# Your instructions:
Please print the listing that follows word for word, but skip any pictures it holds.

# Information supplied:
=== Section Start ===

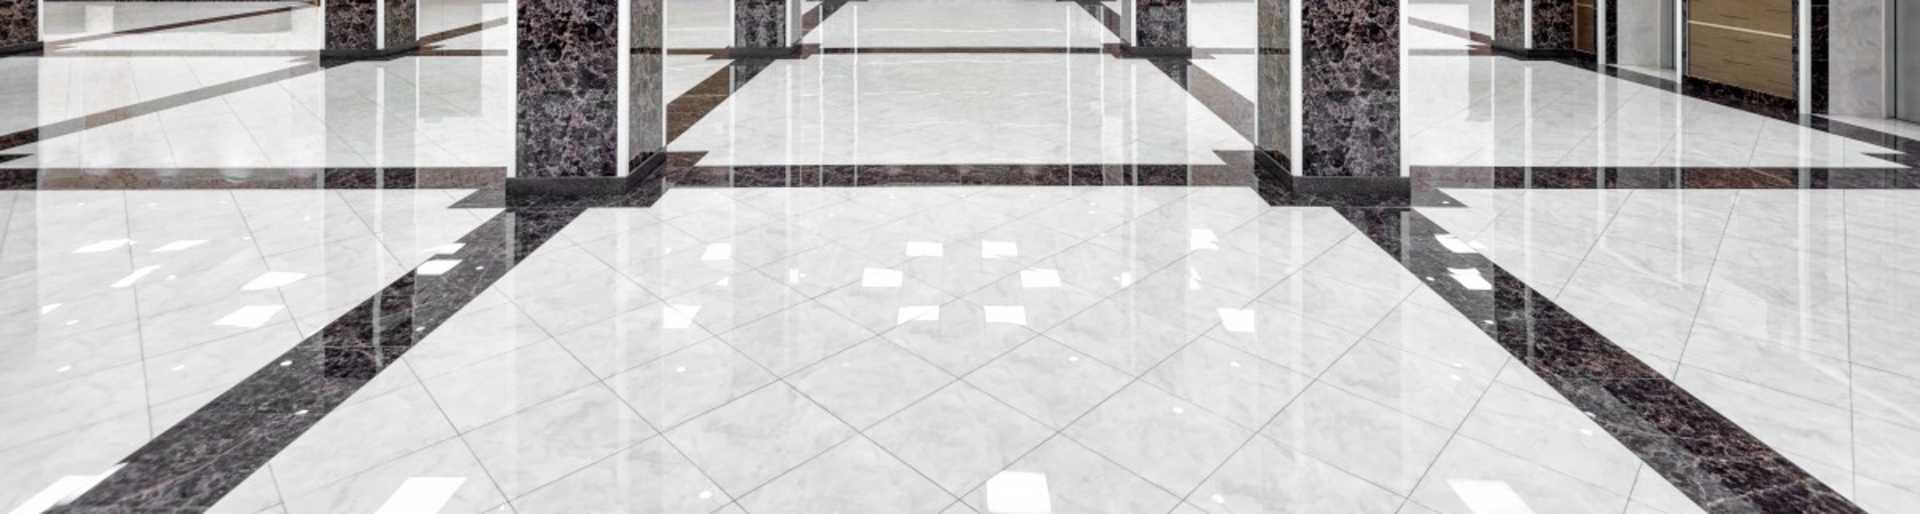 Finished Basement Floor   Basement Flooring Contractors
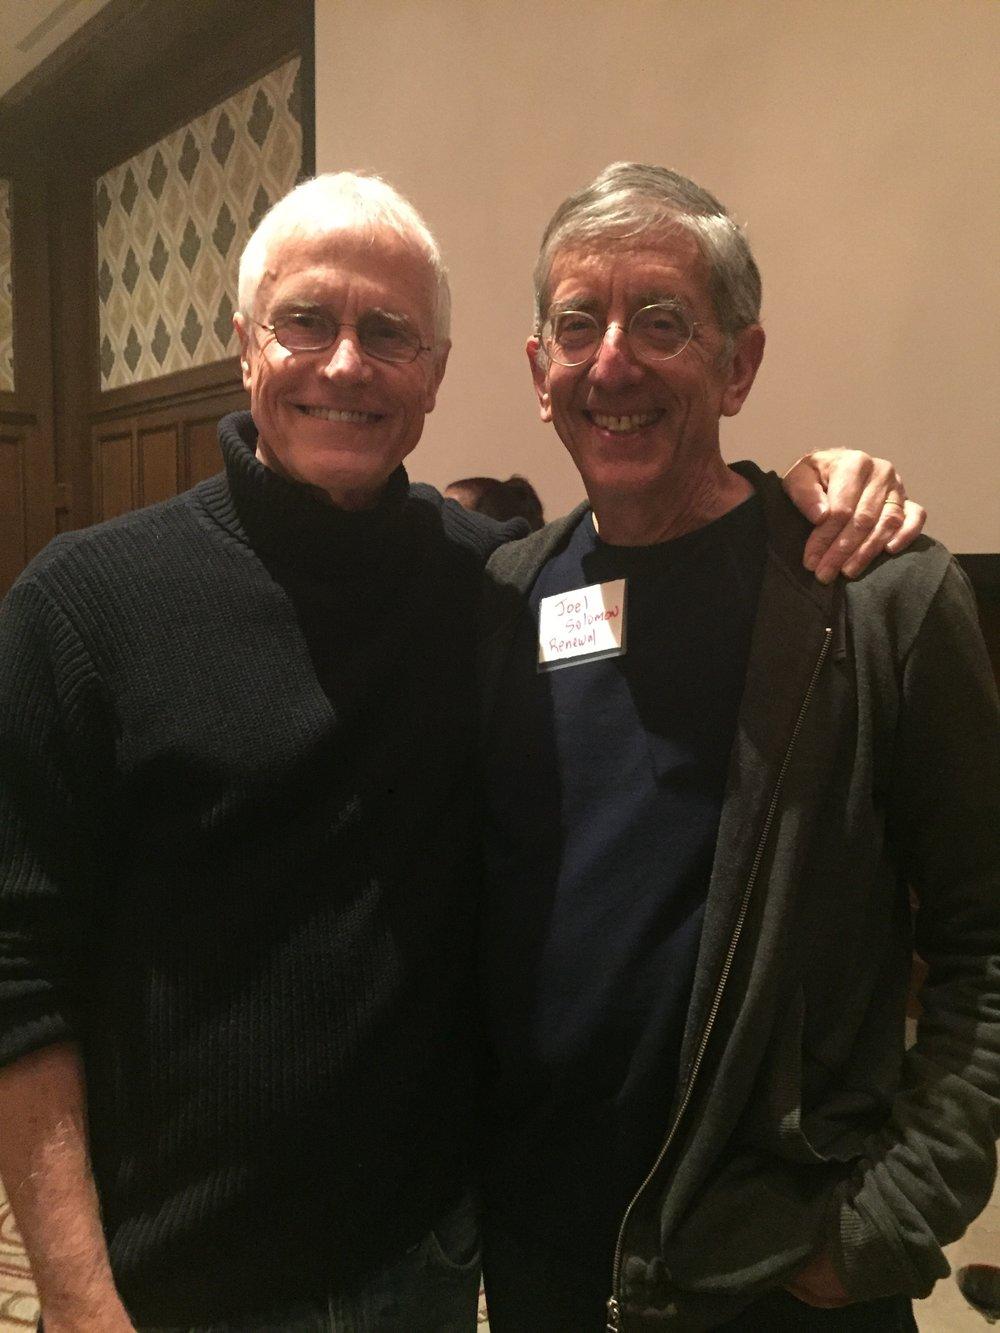 Joel + Paul Hawken.jpg
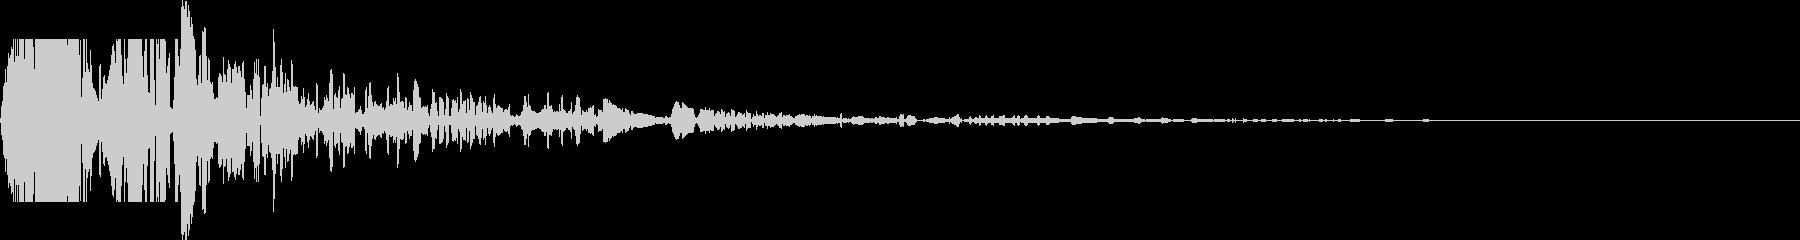 ドサッ(落下や倒れる衝撃音)06の未再生の波形
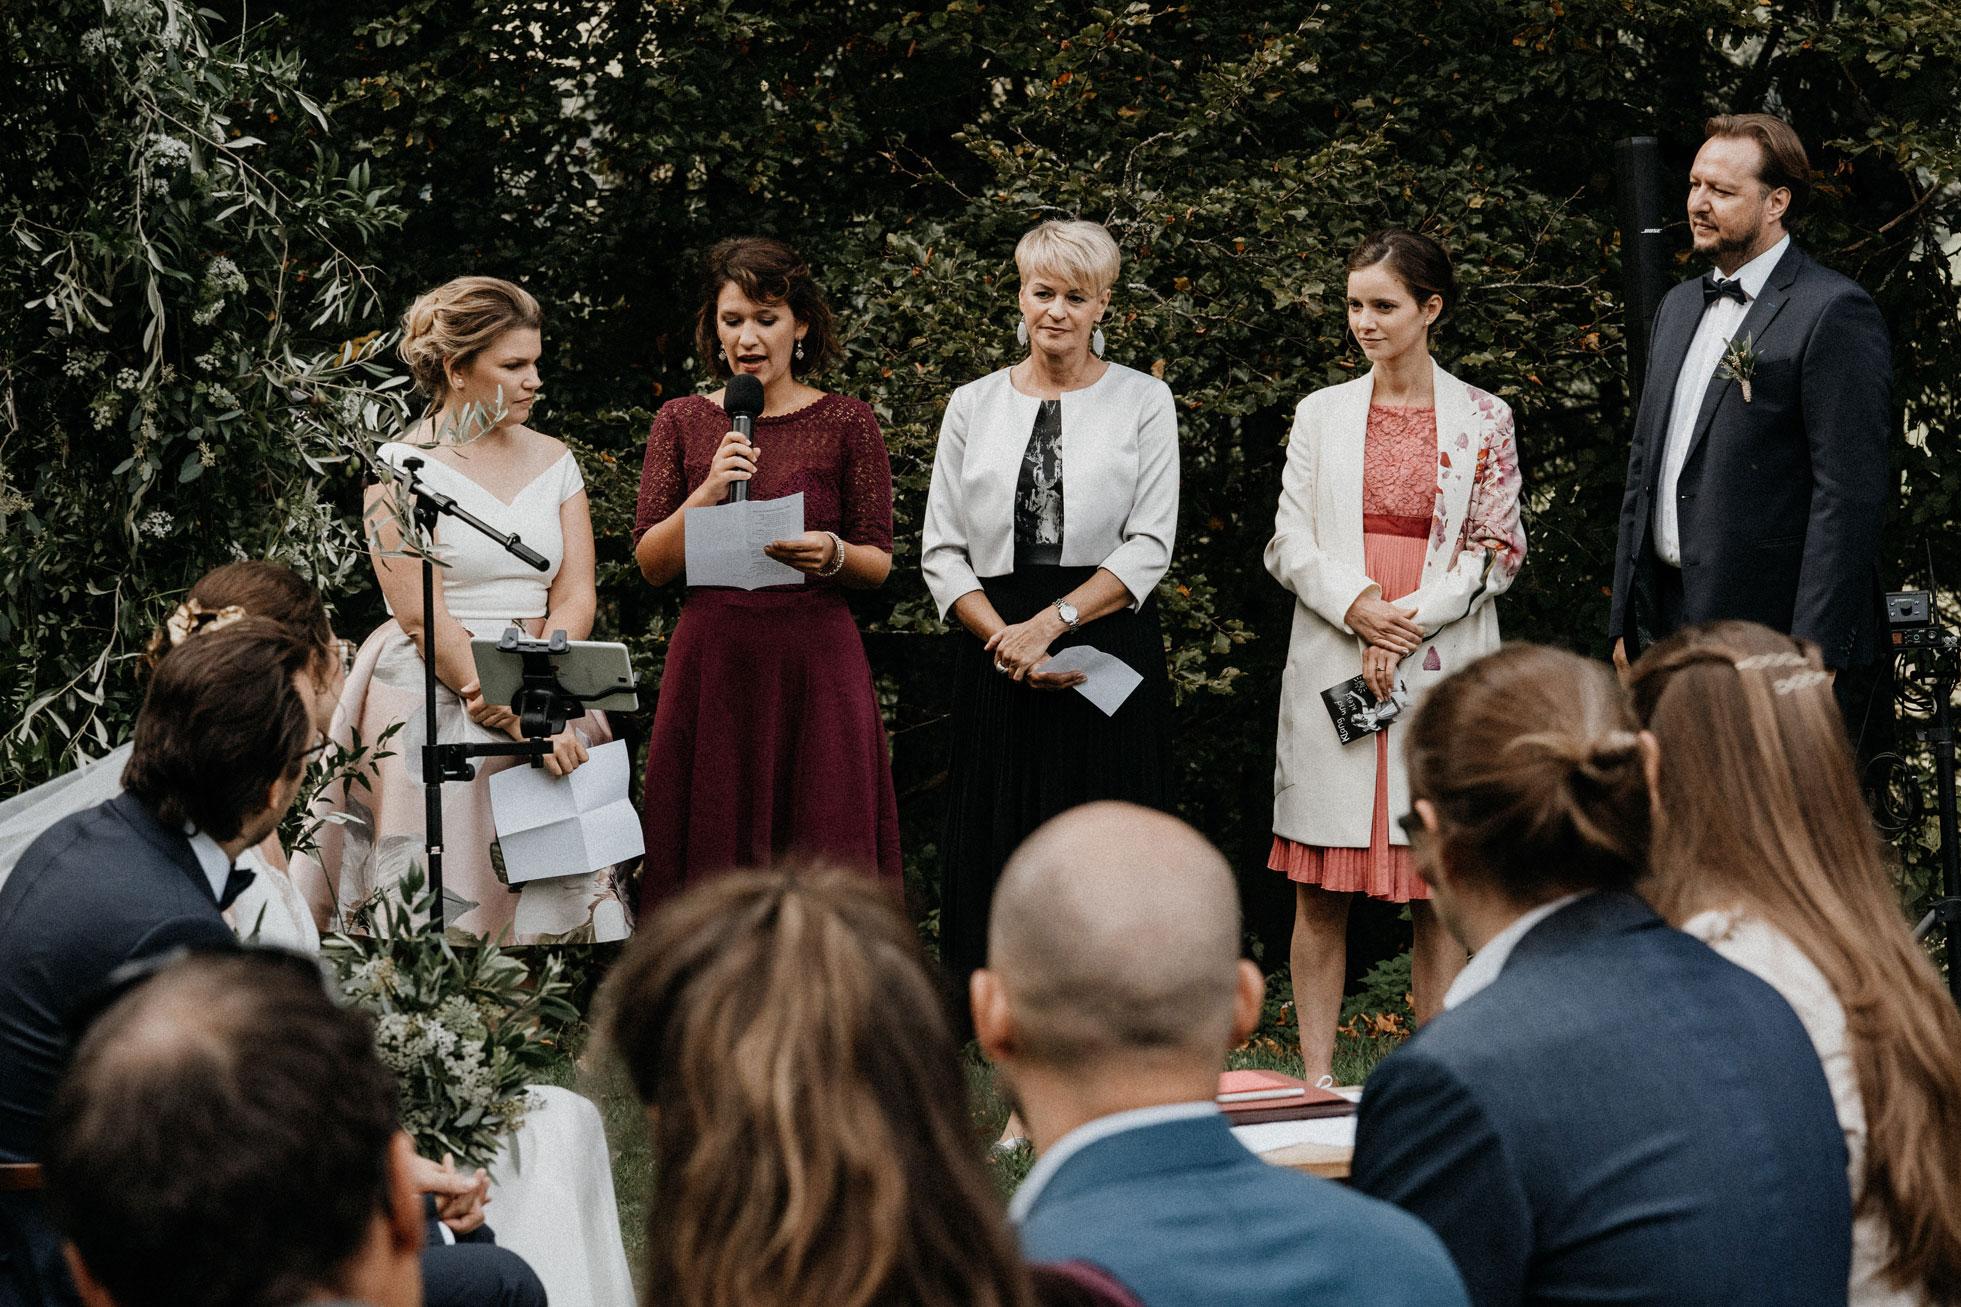 Hochzeit_Claire_Manuel_Villa_Maund_Daniel_Jenny-215.jpg

=== Section End ===

# Answer box:
 Finished Basement Floor   Basement Flooring Contractors
 Joel + Paul Hawken.jpg
 ドサッ(落下や倒れる衝撃音)06の未再生の波形
 Hochzeit_Claire_Manuel_Villa_Maund_Daniel_Jenny-215.jpg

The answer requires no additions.